Menschen auf dem Eifelsteig - eine Nachbetrachtung
von Lutz Heidemann
Wenn man wandert, beachtet man in erster Linie den Weg: wohin tritt man, wie geht es weiter und beobachtet, was man am Weg so sieht: viel Landschaft, einzelne Aussichten, Orte, die man durchqueren muss, hervorstechende Gebäude. Doch auch mit einzelnen Menschen kommt ein Wanderer zusammen, in erster Linie mit Gastgebern und beim Einkehren zwischendurch, auch flüchtige Begegnungen prägen sich manchmal ein. Einige Menschen, denen man begegnet ist, machen neugierig, nach persönlichen Umständen zu fragen. Manchmal ist es nur eine gewisse Sprachfärbung und dann erfährt man in Stichworten eine außergewöhnliche Biografie: „Geboren und aufgewachsen in St. Petersburg, über eine Anzeige einen Ehepartner in der Eifel gefunden“. Die Kellnerin Teresa, die uns woanders freundlich bediente, wurde in Danzig geboren und wuchs in Stettin auf. Andererseits trafen wir auf sehr bodenständige Menschen. „Ja, die Mühle nebenan hat der Familie meines Mannes schon seit Generationen gehört“ oder „Die Ausflugswirtschaft betreibt die Familie seit dem 19. Jahrhundert“.
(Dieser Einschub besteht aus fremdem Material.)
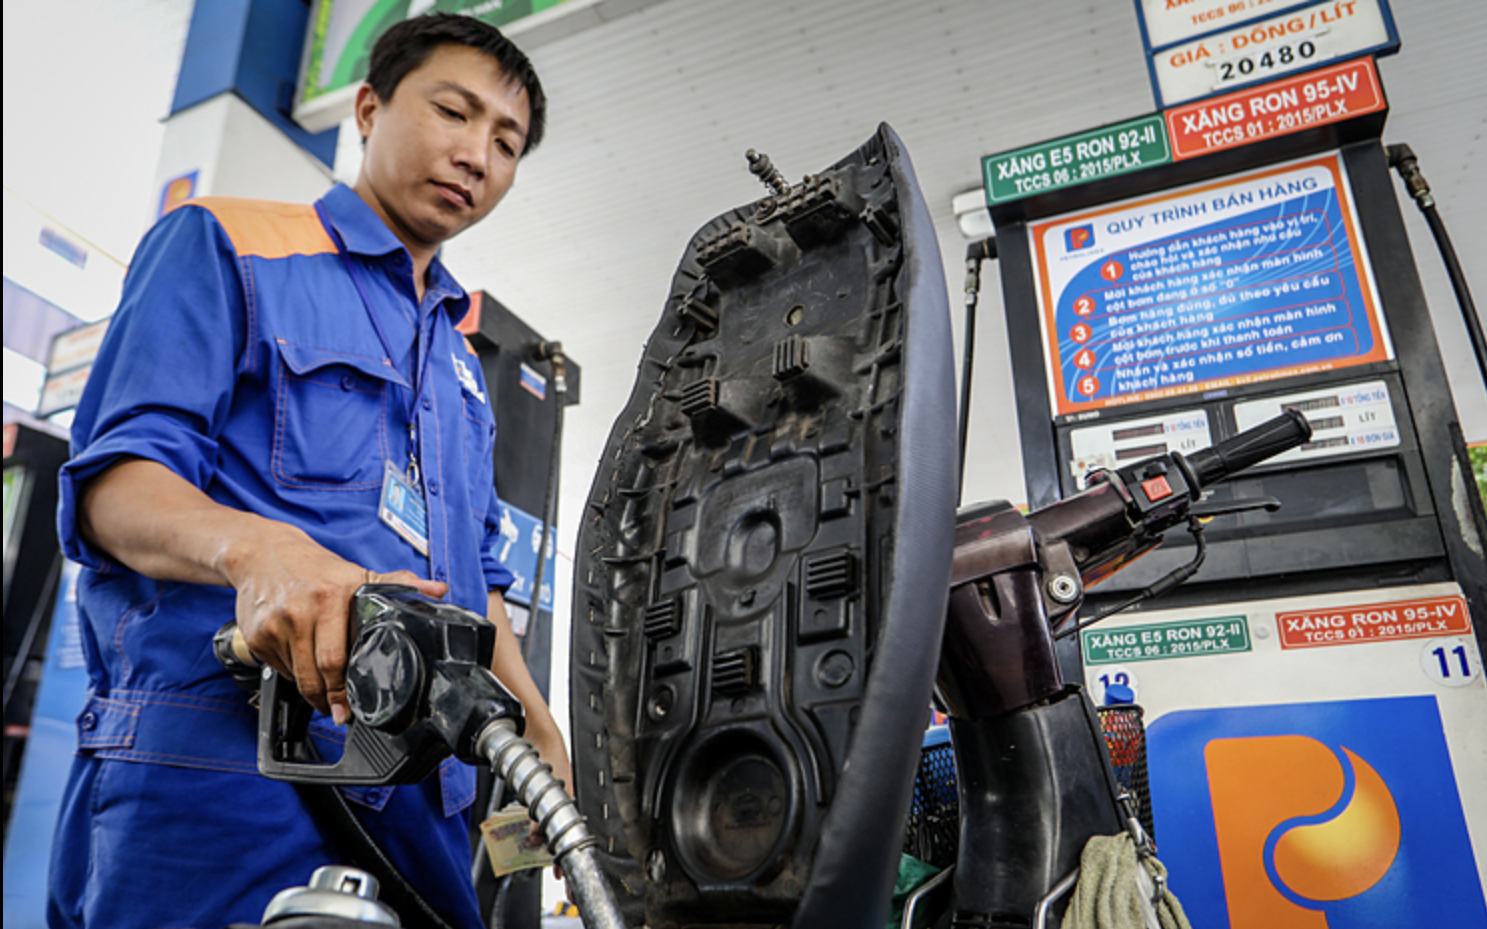 Bán xăng dầu phải xuất hóa đơn điện tử: Nhìn từ những góc khuất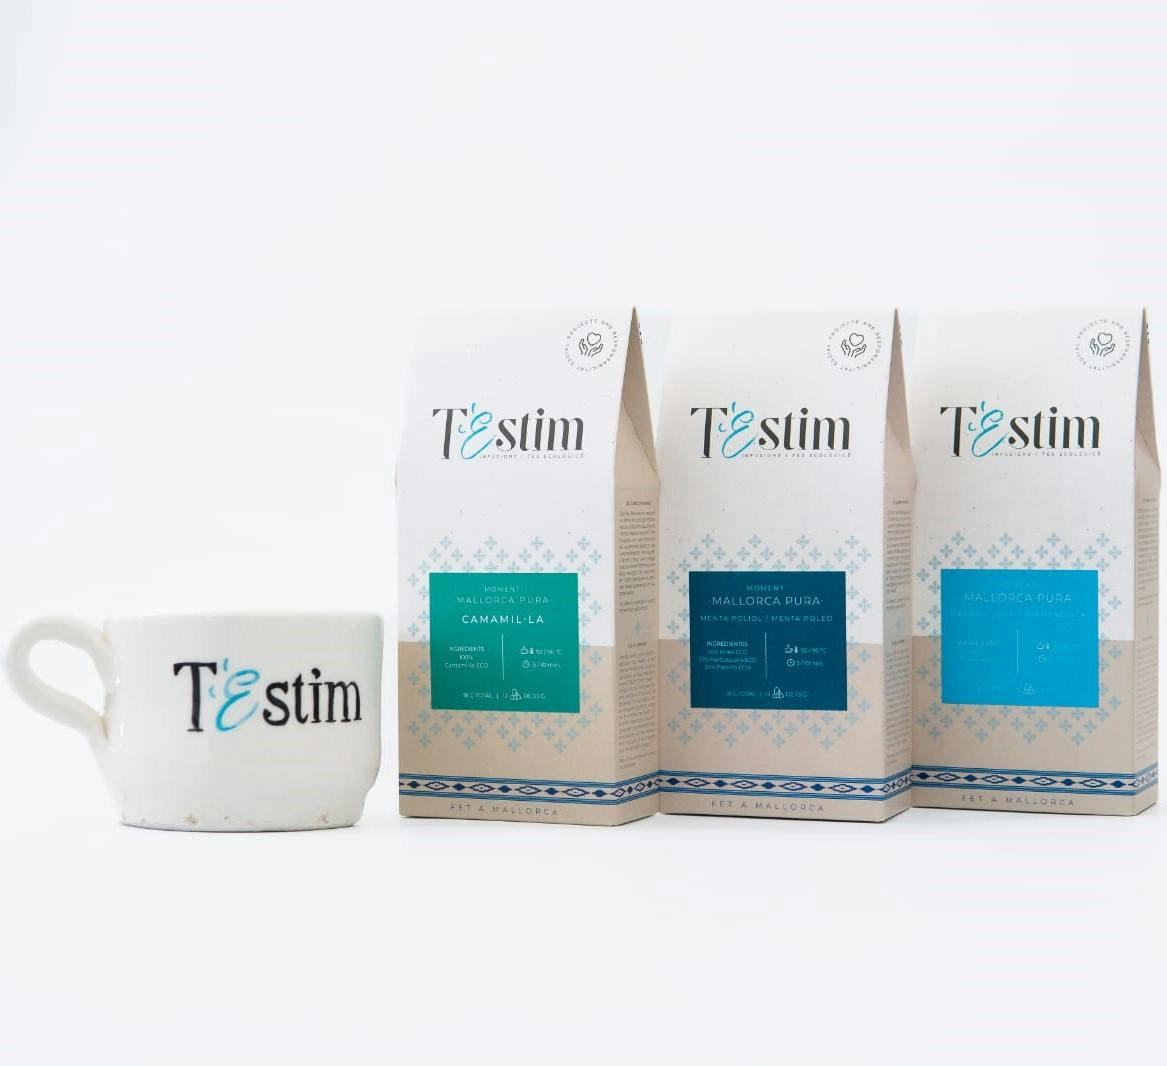 4 T'Estim-Produkte - 3 Aufgüsse und 1 Tasse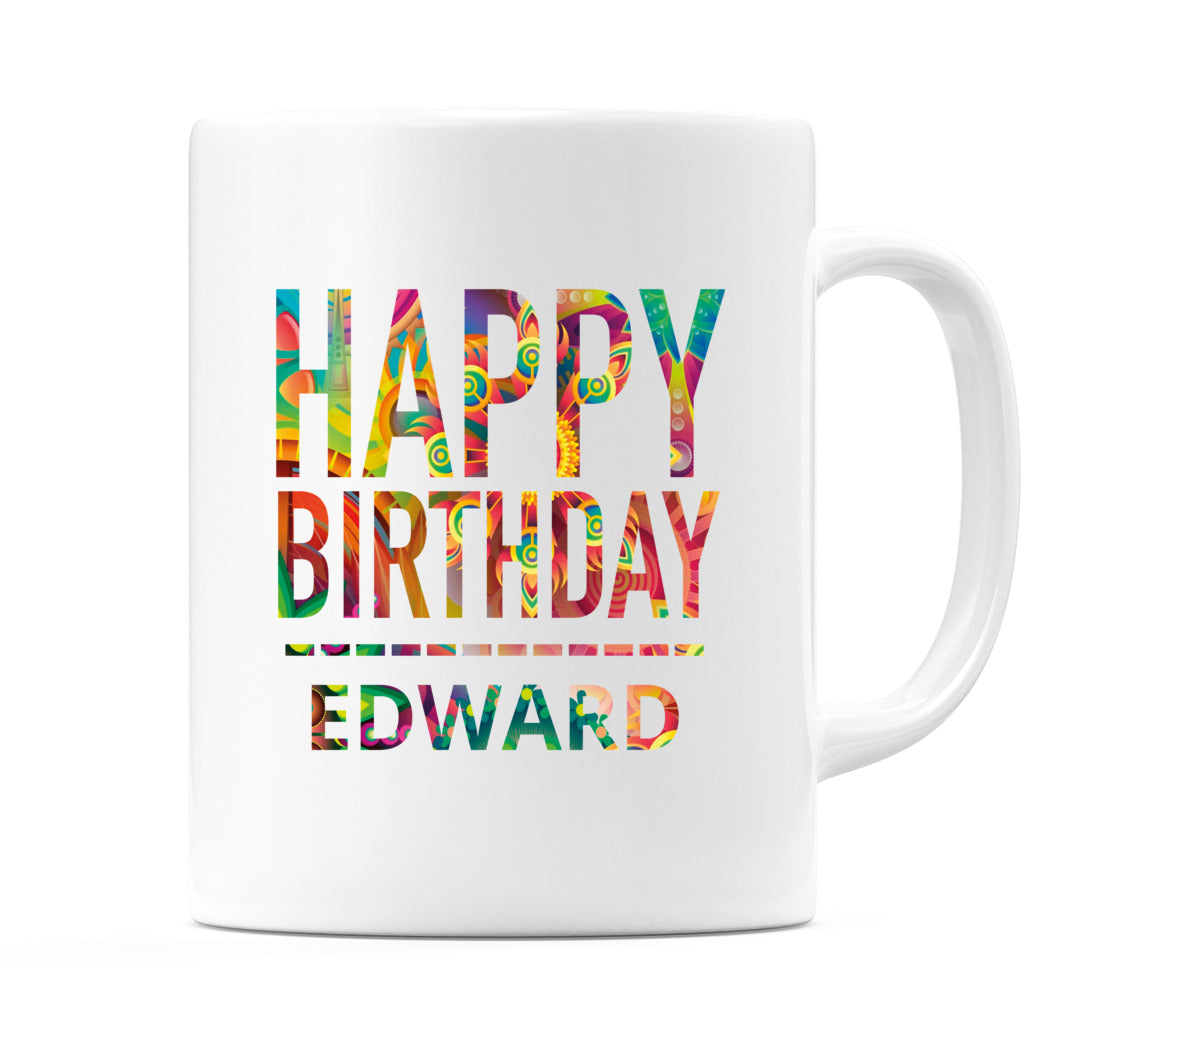 Happy Birthday Edward (Tie Dye Effect) Mug Cup by WeDoMugs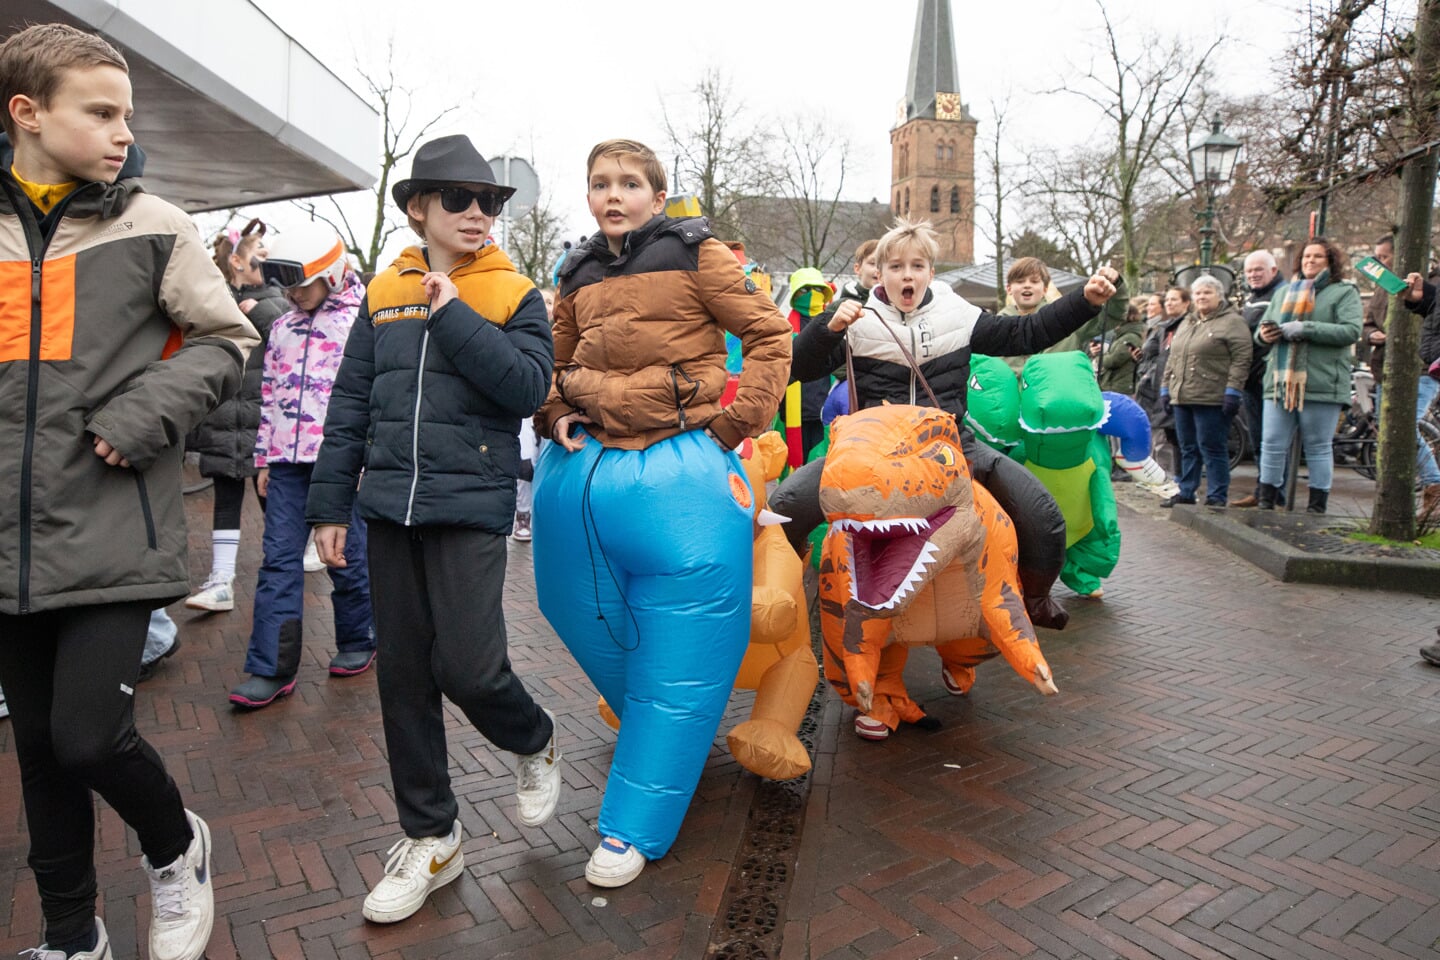 Kleintje Carnaval in Baarn groots gevierd.

Welche Menschen haben schon in der Eifel gelebt oder dort Spuren hinterlassen? In einem kleinen Museum gab es das Skelett eines riesigen Germanen; zum Vergleich waren Durchschnittsgrößen von Römern und Hunnen angegeben worden. Uns schien das ein bißchen „getürkt“. In Manderscheid waren unsere freundlichen Hotel-Gastgeber ein Ehepaar aus Yorkshire. Seit drei Jahren betreiben sie das Hotel im Stadtzentrum. Dunkelhäutige Menschen in Autokennzeichen aus der Eifel sahen wir öfter; vermutlich waren es US-Angehörige vom nahen Militärflugplatz. Dann hörte ich, wie zwei junge Männer, die mir entgegenkamen, sich arabisch unterhielten. Auf meinen Gruß reagierten sie erst erstaunt, dann erfreut. Es waren Bürgerkriegsflüchtlinge aus Hama und Latakia, syrische Städte, die ich kannte, was sie sehr freute. Ob das Eifeldorf, wo sie jetzt untergebracht waren, ihre neue Heimat wird? Ob ihnen jemand gesagt hat, dass in der im Mittelalter zur Ruine gewordenen Porta Nigra über so viele Jahre ein syrischer Einsiedler gelebt hat, dass später daraus eine Kirche wurde?
Kurz vor Trier verläuft der Eifelsteig auf gleicher Trasse wie ein Jakobsweg; viele Wanderer scheinen dort vorbeizukommen. Fragt uns eine Frau: „Wandern Sie auch bis Chile?“, „nur bis Trier“ antworten wir. Es dauert einige Sekunden, bis mir der Groschen fiel: sie hatte Santiago di Compostela mit Santiago di Chile in einen Topf geworfen. So klein ist die Welt in manchen Köpfen.